The local tectonics are driven by the oblique convergence of the present Pacific and Australian plates at about 11 cm/year near eastern Papua New Guinea. This produces one of the Euler poles for the region near the west coast of New Guinea between Port Moresby and Hood Point to its south. The most recent change in spreading direction of the Woodlark Basin spreading center occurred about 450,000 years ago with a slowing in rate of divergence about 200,000 years ago.

The Woodlark Basin originally began to open as a sphenochasm with a pole near the tip of eastern Papua about 20 million years ago. This was caused by left-lateral shear in the region induced by a change in the relative motion pole of the Indo-Australian plate and Pacific plate. The basin opened only a few degrees at this time, then stopped for a good period of time. The thickly sedimented troughs south of the Woodlark Basin (e.g. Pocklington Trough and Rennell Trough) are remnants of Paleogene northward subduction of the historic Indo-Australian plate. The distal to the north-east North Solomon Trough, beyond the Solomon Islands from the Woodlark Basin, had southward subduction of the Pacific plate that finished 10 million years ago.

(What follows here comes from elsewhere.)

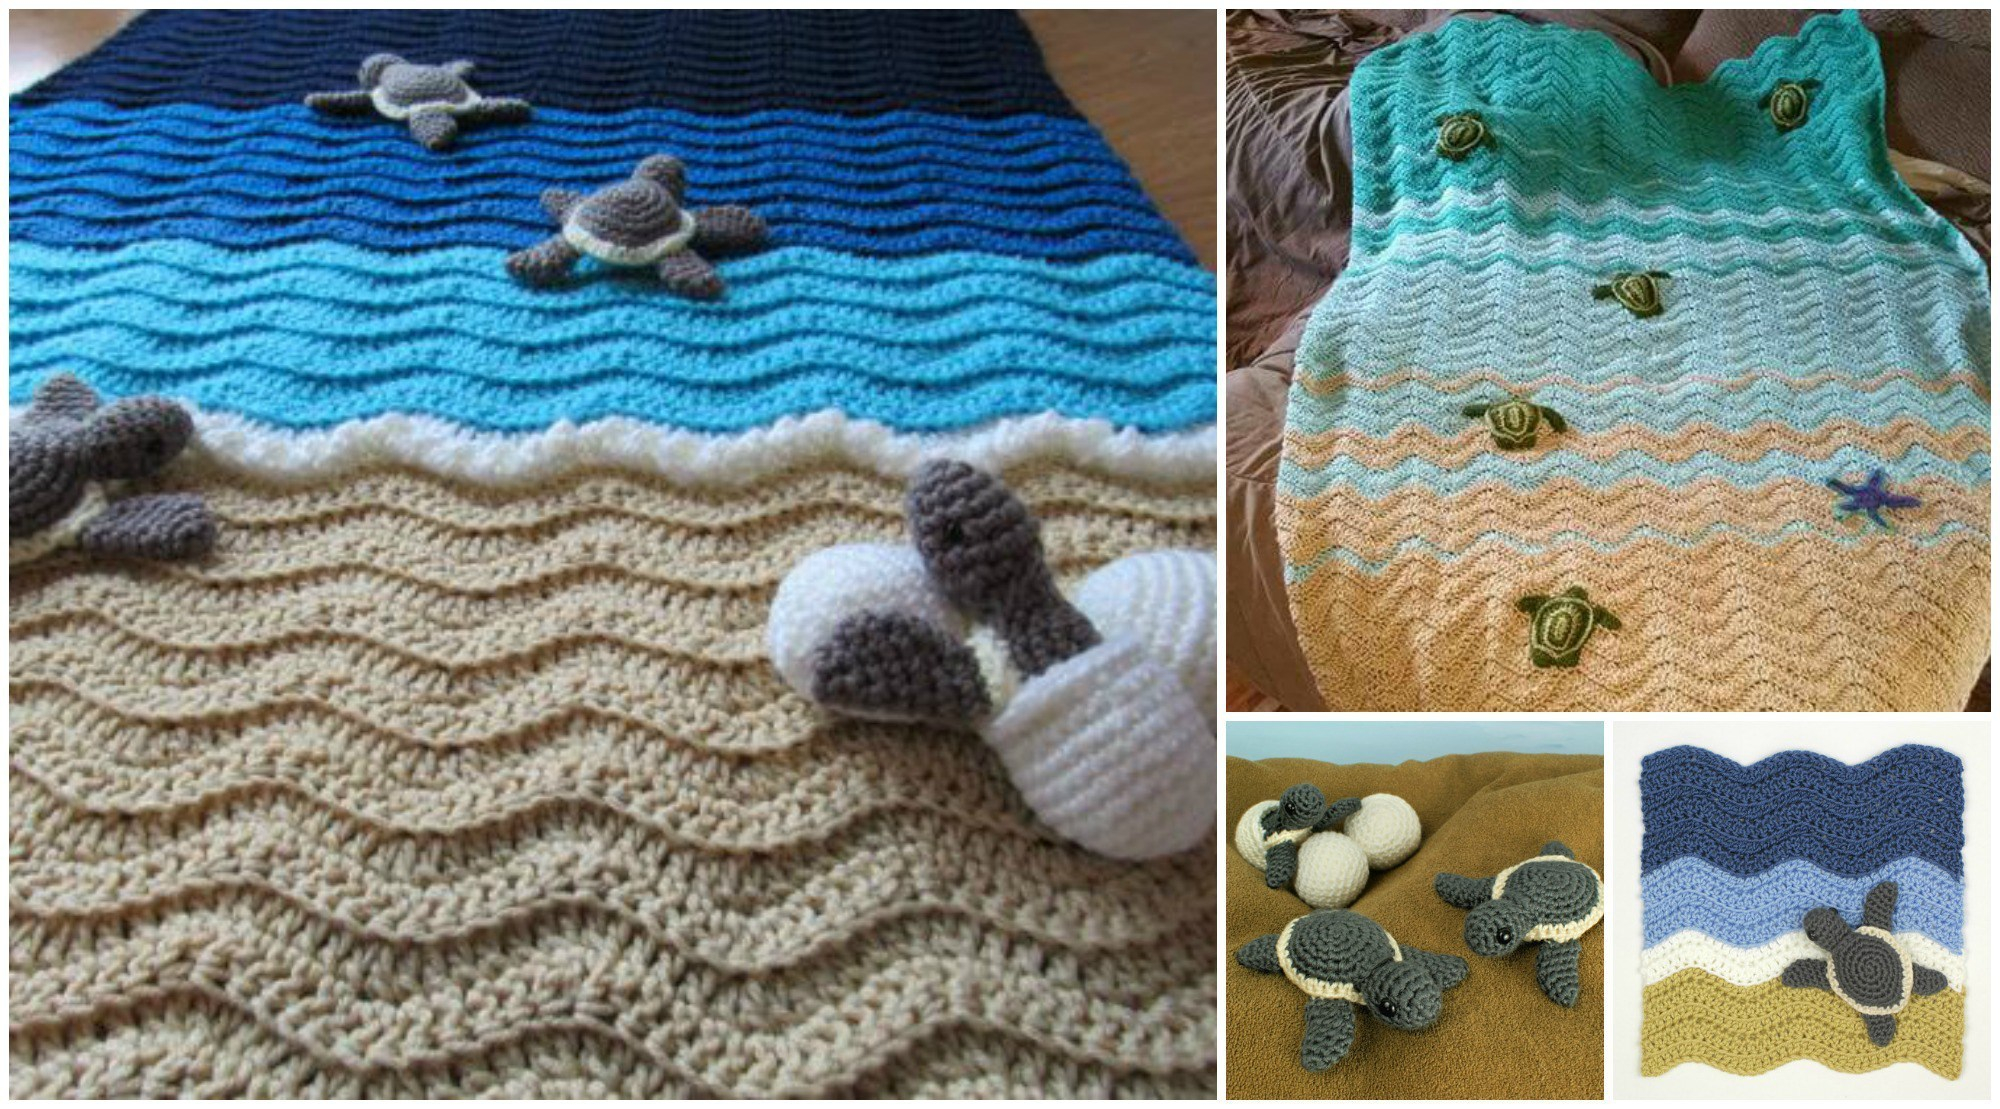 Crochet Monkey Blanket Pattern Crochet Turtle Beach Blanket Pretty Ideas Monkey Ba Pattern

The rifting resumed in the entire basin about 3 million years ago, based on magnetic anomaly data. Then about 1 million years ago, the spreading center in the western basin shifted to the Woodlark Rise. The Woodlark Rise is the northern section of the Woodlark Basin that separates the basin from the bordering Solomon Sea to the north. This spreading rift marks the southern boundary of the Solomon Plate, which is bounded by subduction zones in the north and east (the New Britain and northern Solomon's trenches (e.g. North Solomon Trough) respectively), and in the west by a combination strike-slip rifting (dip-slip) boundary in eastern Papua (New Guinea). A vector triangle solution near the Solomons Trench-Woodlark Rift triple point gives underthrusting of the Solomons Plate beneath the North Solomon Trough in a northeasterly direction at about 11 centimeters per year. However the implications change slightly with later modelling.

A recent best fit model suggests there is some continuing subduction at the Trobriand Trough which is at the southern aspect of the Solomon Plate. This model seems to account for the relative lack of shallow earthquake activity except in the middle region of the Trobriand Trough. Historically an extra Trobriand plate moving independently of the Australian and Solomon plates must have existed, and it will still exist if there is present active subduction between it and the Solomon Plate.

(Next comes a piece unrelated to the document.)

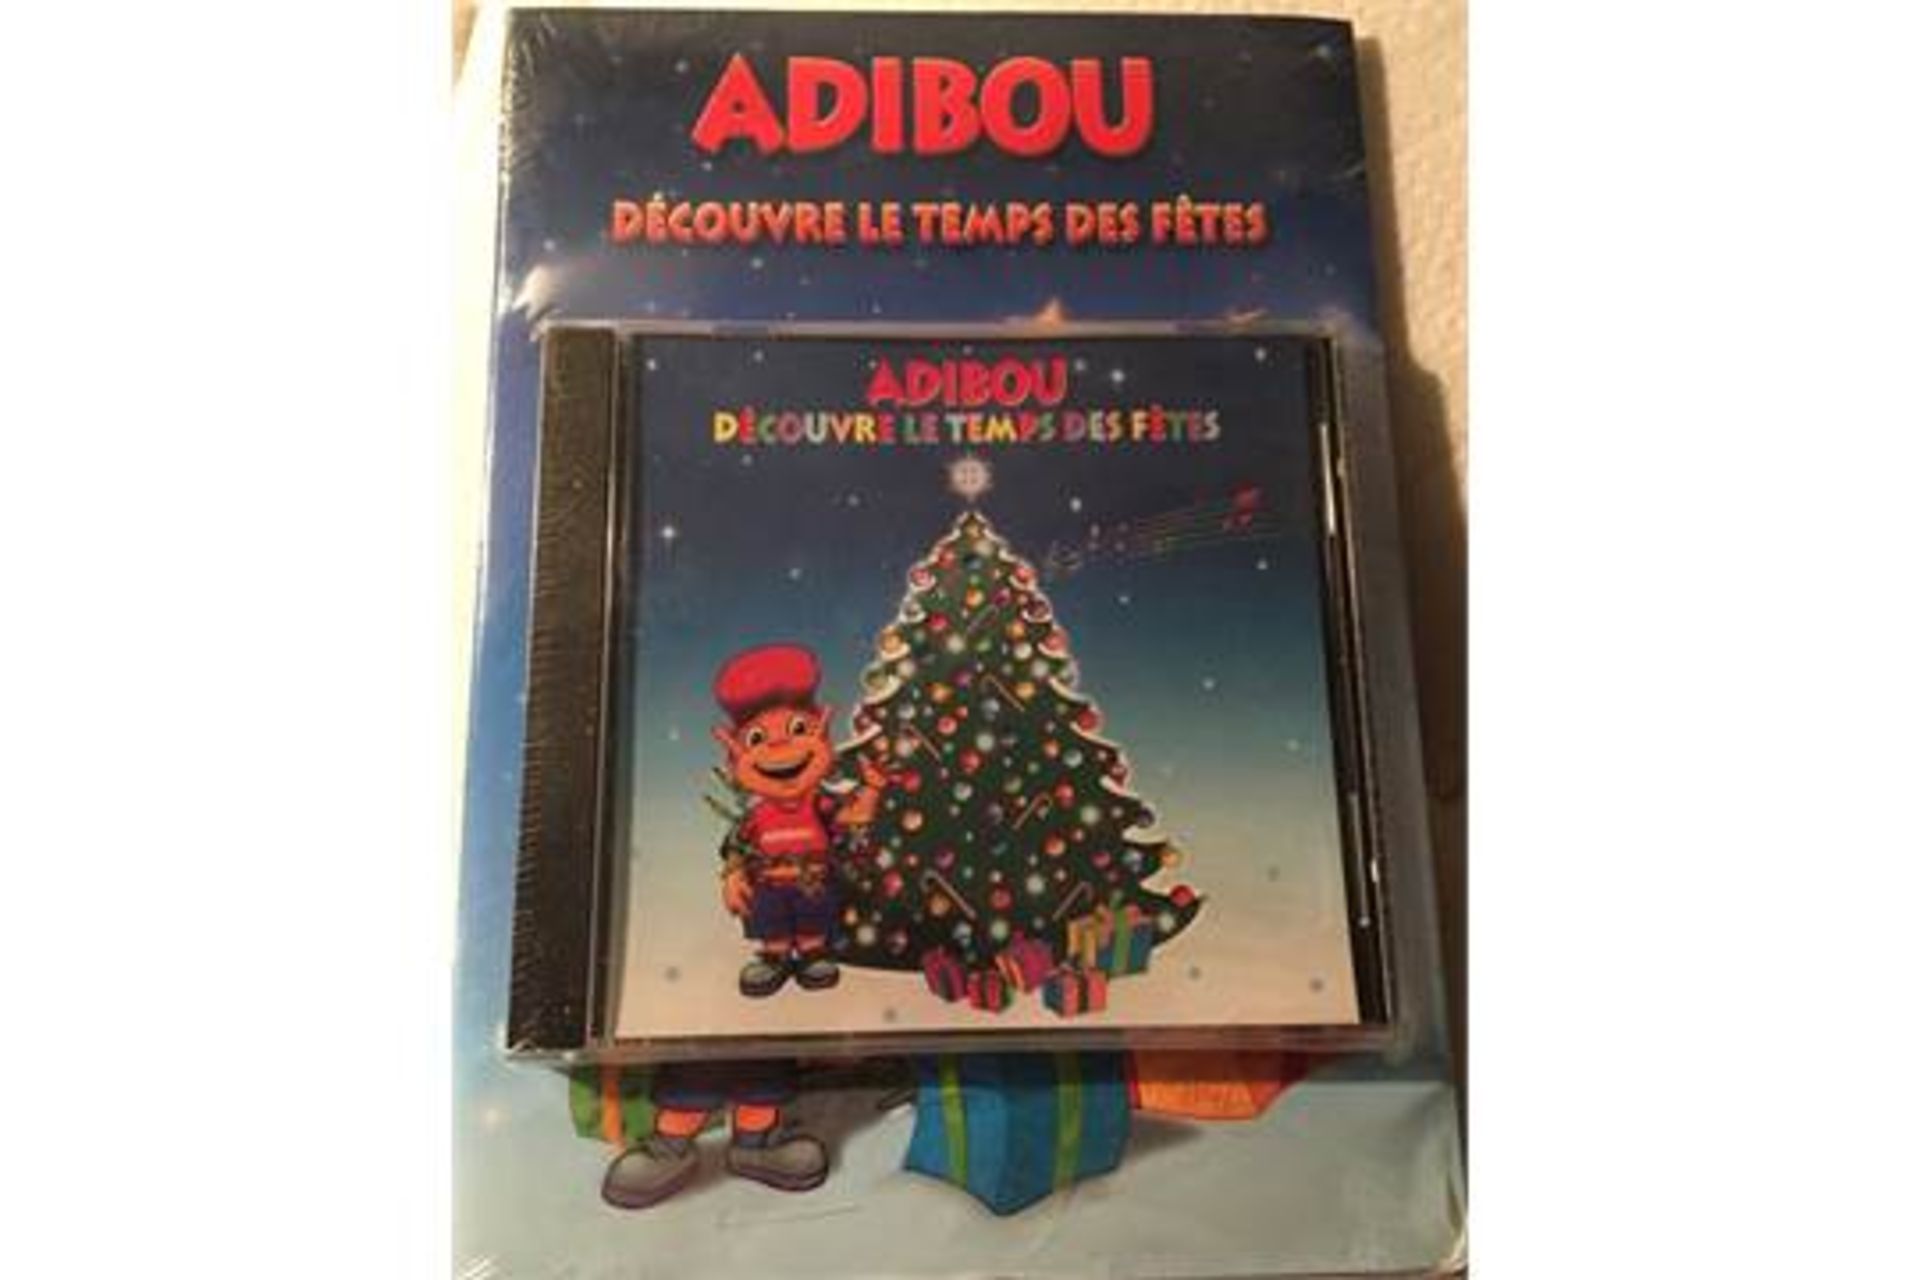 50 x Adibou découvre le temps des fêtes (Adibou Discovers the Holidays) Audio CD

The Solomon microplate is moving slightly to the north-west at the moment, at 4.5 cm/year, so the Woodlark microplate tectonics carry much of this north-east movement if the reference point is a fixed Australian plate. Relative to the Woodlark microplate, Figure 2 shows each of the tectonic plates surrounding the Woodlark Basin along with the relative plate motion and direction that each plate is moving on a historic three plate model for the region, which apart from the movement vectors is no longer generally accepted. However refinements were being made up to less than a decade ago. Even so, the Nubara Transform Fault to the north of the basin is accommodating 0.93–0.95 cm/year of movement, and the Australian plate is moving from the south between 2.09 cm/year at the west and 4.02 cm/year at the eastern side of the basin.

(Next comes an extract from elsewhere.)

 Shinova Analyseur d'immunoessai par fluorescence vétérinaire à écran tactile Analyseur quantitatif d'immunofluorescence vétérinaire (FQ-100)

Matters change for the size of the Solomon Plate, with the creation of a postulated still active Trobriand plate in a 4 plate, 7 triple junction, solution to the local complex tectonics. The northwestern part of the Trobriand plate in such a model, is moving to the south east towards Australia by 1.21 cm/year. The New Guinea Highlands host the plate junction with the Australian plate that in a current three plate model was assigned to the Solomon Plate. In the highlands due to the location of the systems eular pole there is a transition so that by the eastern end of the Papuan Peninsular the Australian plate is moving north towards the Trobriand plate by 1.57 cm/year. The western Woodlark plate triple junction with the Trobriand plate and Australian plate has the Woodlark plate moving in an easterly direction at about 0.95 cm/year and the Trobriand Trough is absorbing about 0.45 cm/year of subduction.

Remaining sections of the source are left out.